As she worked, Irene continued to look around, spotting new arrivals. She saw the chocolate moose stomping wiggles with his sharp hooves—and next to him, a flock of ducks nibbled on other wiggles. Beyond them were several impossibly odd creatures with huge, hairy hands. They seemed, somehow, eerily familiar. Suddenly she made the connection. “The monster under the bed!” she cried. “You
do
exist—numbers of you!” And one of them waved. That was probably the one that had been stationed under
her
bed, before she had grown too old to believe in it.

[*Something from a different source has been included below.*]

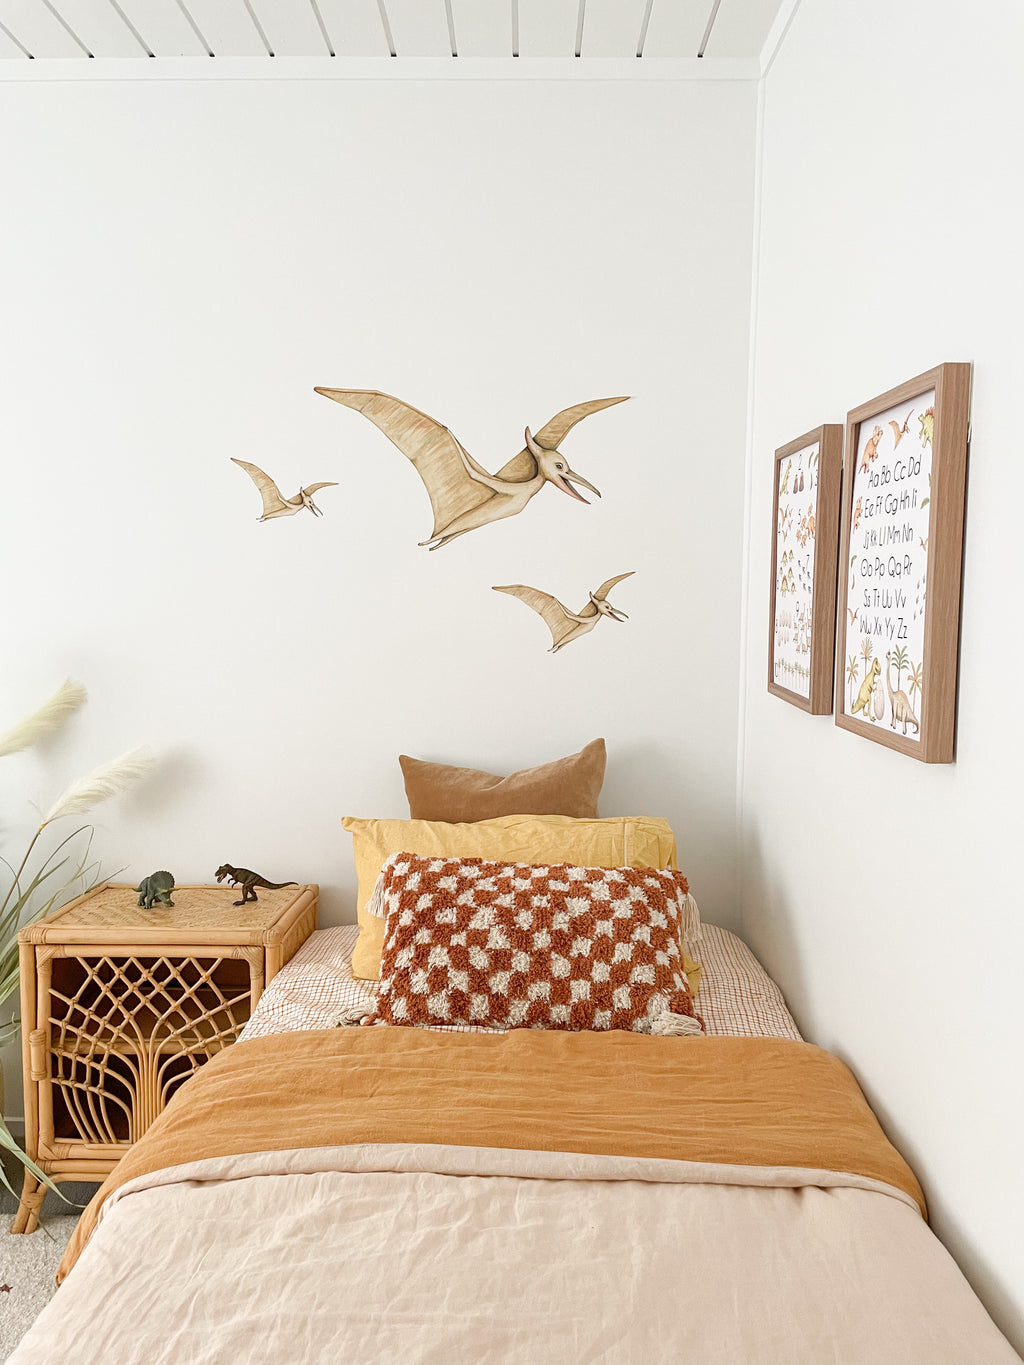 Pterodactyl Wall Stickers

Another odd thing rolled into view, stomping wiggles. Irene realized belatedly that it was a foot-ball. Everything was coming to help!

But now the sun was very low; night was stalking the land. Some creatures, like the monsters under the bed, could function well in darkness, but others could not. If even a tenth of the wiggles got through, it would be eventual doom—and many more wiggles than that would escape in the night.

Then a truly monstrous shape came over the trees, darkening the sky farther. It was a bird, a roc, no, a—

GREETINGS, WARRIORS
!

It was the Simurgh! Grundy had gotten through, and the eternal bird had left its perch on the Tree of Seeds and come to help!

PARNASSUS COMES
!

“Oh, thank you, thank you, Simurgh!” Irene cried. “But it is almost dark, and many creatures will get holed—”

SEEDS OF LIGHT
. And from the talons of the huge creature came a shower of tiny motes, each glowing like a little star.
PERFORM GOOD WOMAN
, the bird directed.

“Grow!” Irene cried at them all. The stars grew, expanding into fat bulbs that radiated light everywhere. Some bulbs landed on the ground, illuminating it; others hung up in trees, casting wider flares. There were so many that the entire region became as bright as day. The problem of night was solved.

“Careful, Simurgh,” Chem called. “Some wiggles travel high.”

THEY WILL TRAVEL INTO MUNDANE SPACE
, the Simurgh explained.
NO HARM WILL COME OF THESE. AS FOR THE ONES BETWEEN—

A host of small birds appeared, evidently brought by the large one. Each had an outsize beak. “Those are pinches,” Chem said, her centaur education operating again. “Just what we need!”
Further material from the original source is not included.